Applies SYNTHESIS.md + GOTCHAS.md findings to the OpenWebUI front-end: per-setting reference, two baked-in Workspace Model profiles (chat + extract), and a symptom→cause troubleshooting table. Front-loads the `think: false` / gemma4:26b multi-turn footgun from Round 3 of the 2026-04-18 bakeoff since that is the shape OpenWebUI users will hit. Co-Authored-By: Claude Opus 4.7 (1M context) <noreply@anthropic.com>
12 KiB
Gemma 4 in OpenWebUI — Setup Guide
Derived from
SYNTHESIS.md,GOTCHAS.md, and the 2026-04-18 bakeoff. Assumes: OpenWebUI is already running andgemma4:*is pulled in the backing Ollama. Covers every setting that matters and what to set it to.
TL;DR — Just Tell Me What To Toggle
Create a Workspace Model (don't edit per-chat), pick a base variant, and set:
| Setting | Multi-turn chat (the default OpenWebUI shape) | Single-turn JSON pipeline |
|---|---|---|
| Base model | gemma4:26b (fast) or gemma4:31b-it-q4_K_M (sharper) |
same |
| System Prompt | Required — identity + boundaries + format (template below) | Required |
Context Length (num_ctx) |
32768 |
4096–16384 (scale to prompt) |
Max Tokens (num_predict) |
4096 |
2048+ |
| Temperature | 0.7 |
0.2–0.4 |
| Stream | On for text-only chat; Off if you attach a Tool | Off |
| Function Calling | Native | N/A |
Reasoning / think |
LEAVE UNSET on 26B (do NOT force off). Unset or On on 31B. | Force Off |
| Response Format / JSON mode | Off (always) | Off (always) |
| Keep Alive | 30m or -1 |
match pipeline duration (4h / -1) |
The single biggest failure mode in OpenWebUI: setting think: false on
gemma4:26b in a chat. The model silent-stops at tool-decision turns with
eval_count=4. If you see "model just stops answering after a few messages"

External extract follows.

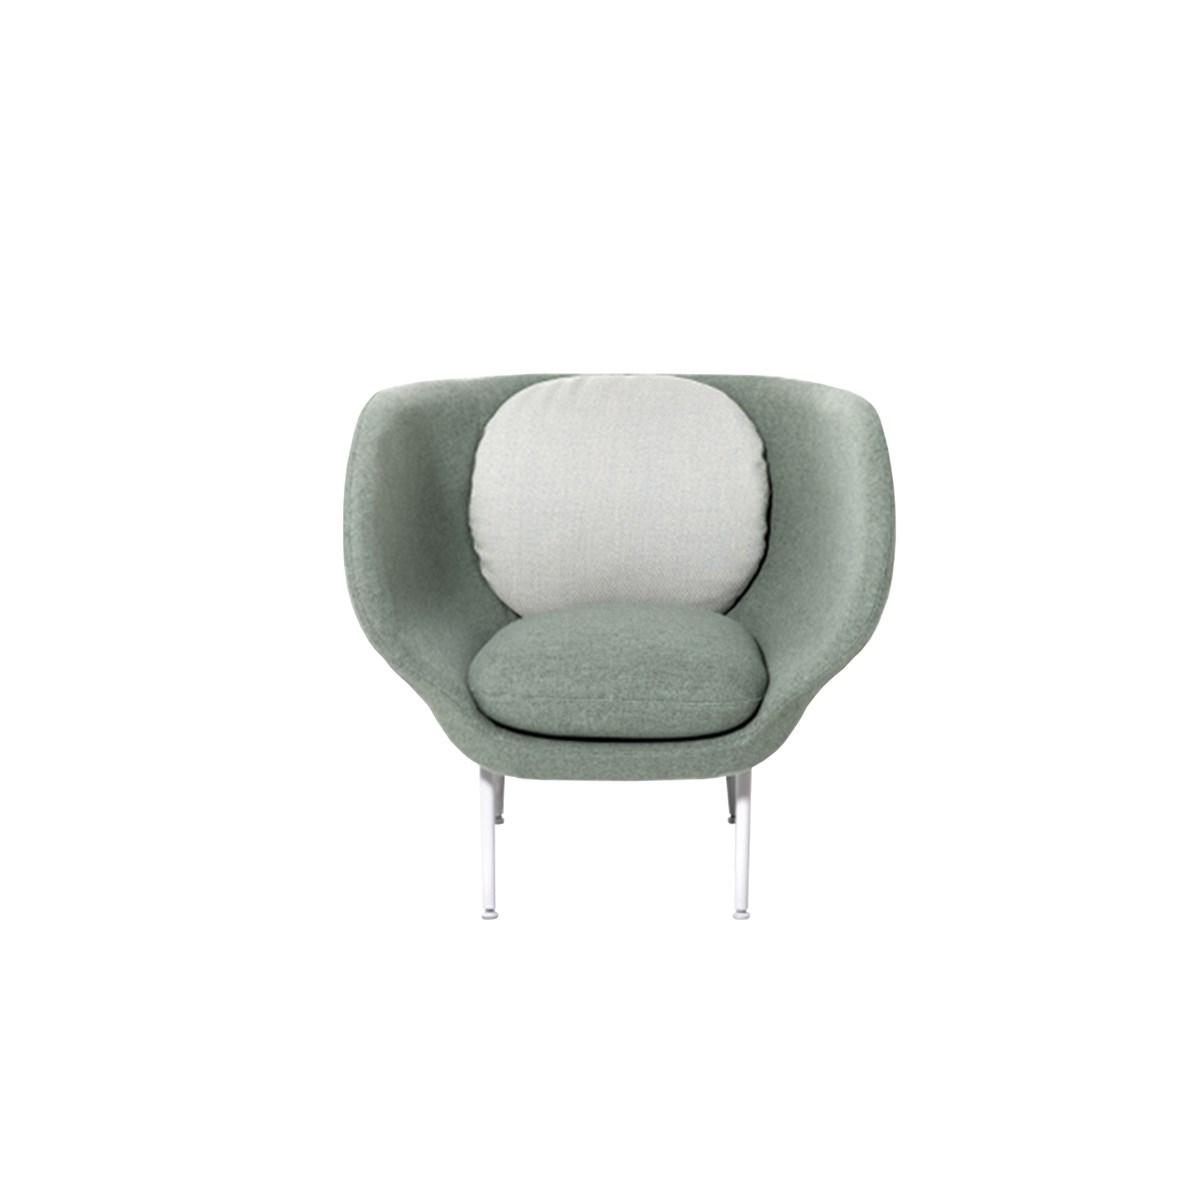 Moroso-Nipa-Doshi-Jonathan-Levien-Armada-Armchair-Matisse-3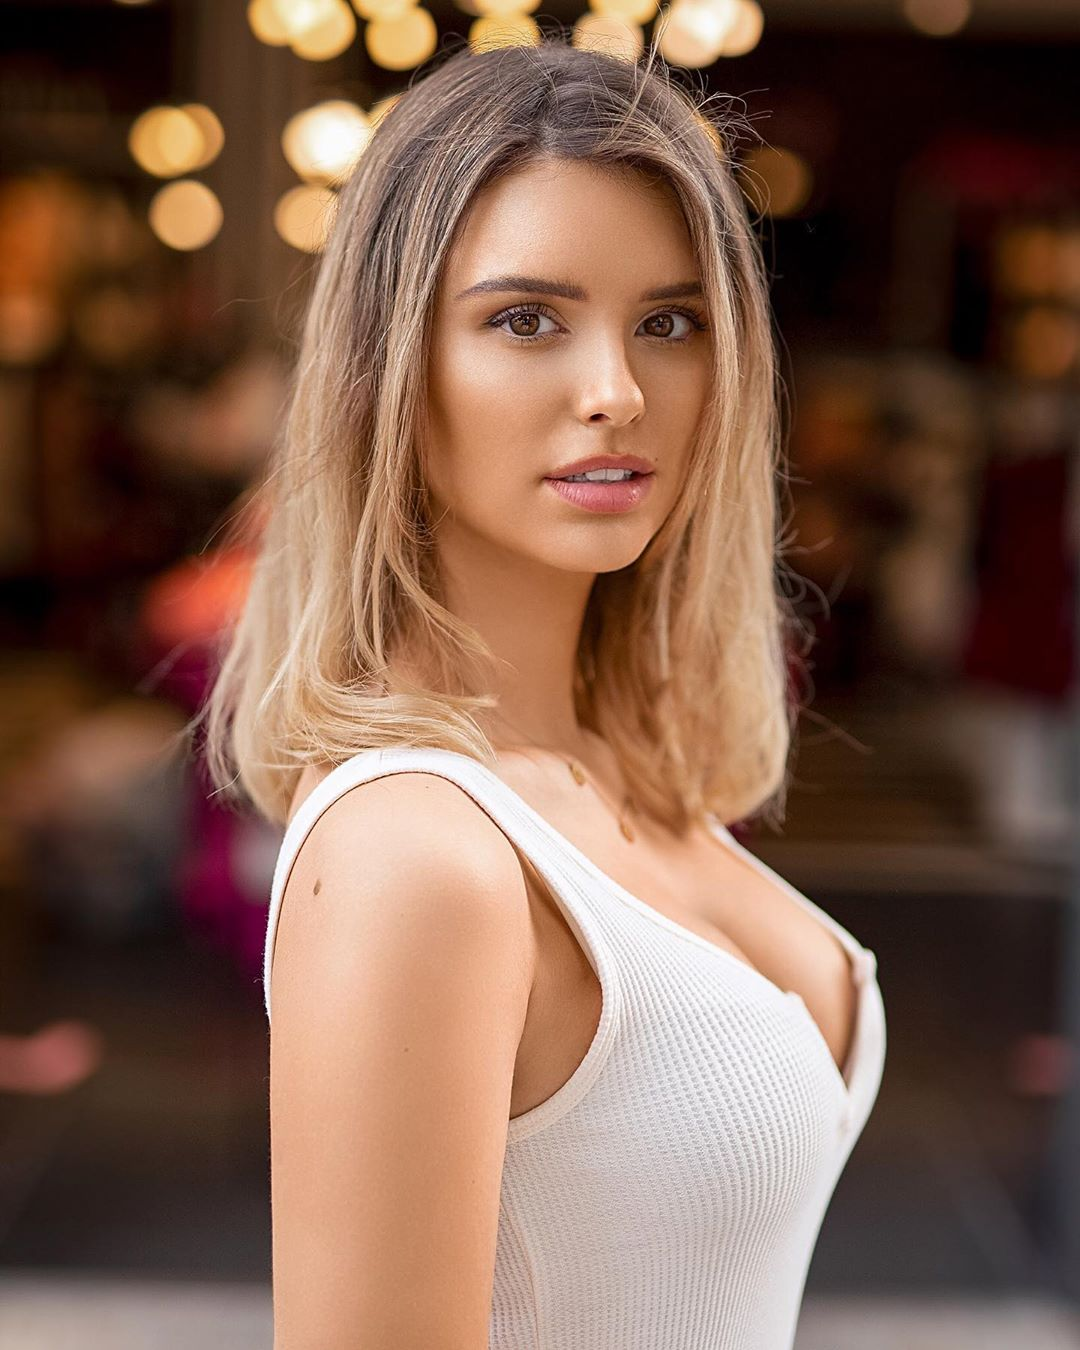 Chiara Marie

on 26B, check this first. See GOTCHAS.md § "think: false Kills Gemma 4 26B
in Multi-Turn Tool-Calling Loops".
Where Settings Live in OpenWebUI
OpenWebUI has four layers. Later layers override earlier ones:
- Ollama defaults — baked in, almost all wrong for Gemma 4
(
num_ctx=2048,num_predict=128,keep_alive=5m). - Admin Panel → Settings → Models — global defaults for all models. Touch this only to set sane fleet-wide floors.
- Workspace → Models → [Create/Edit] — named presets. This is where you bake Gemma 4 settings. A Workspace model = base model + system prompt + advanced params + tags + optional tool server bindings.
- Per-chat controls (right-hand panel / top of chat) — overrides for a single conversation. Useful for experimentation, bad for persistence.
Rule: every knob below goes in layer 3 (Workspace Model) unless noted. Per-chat overrides are for debugging only.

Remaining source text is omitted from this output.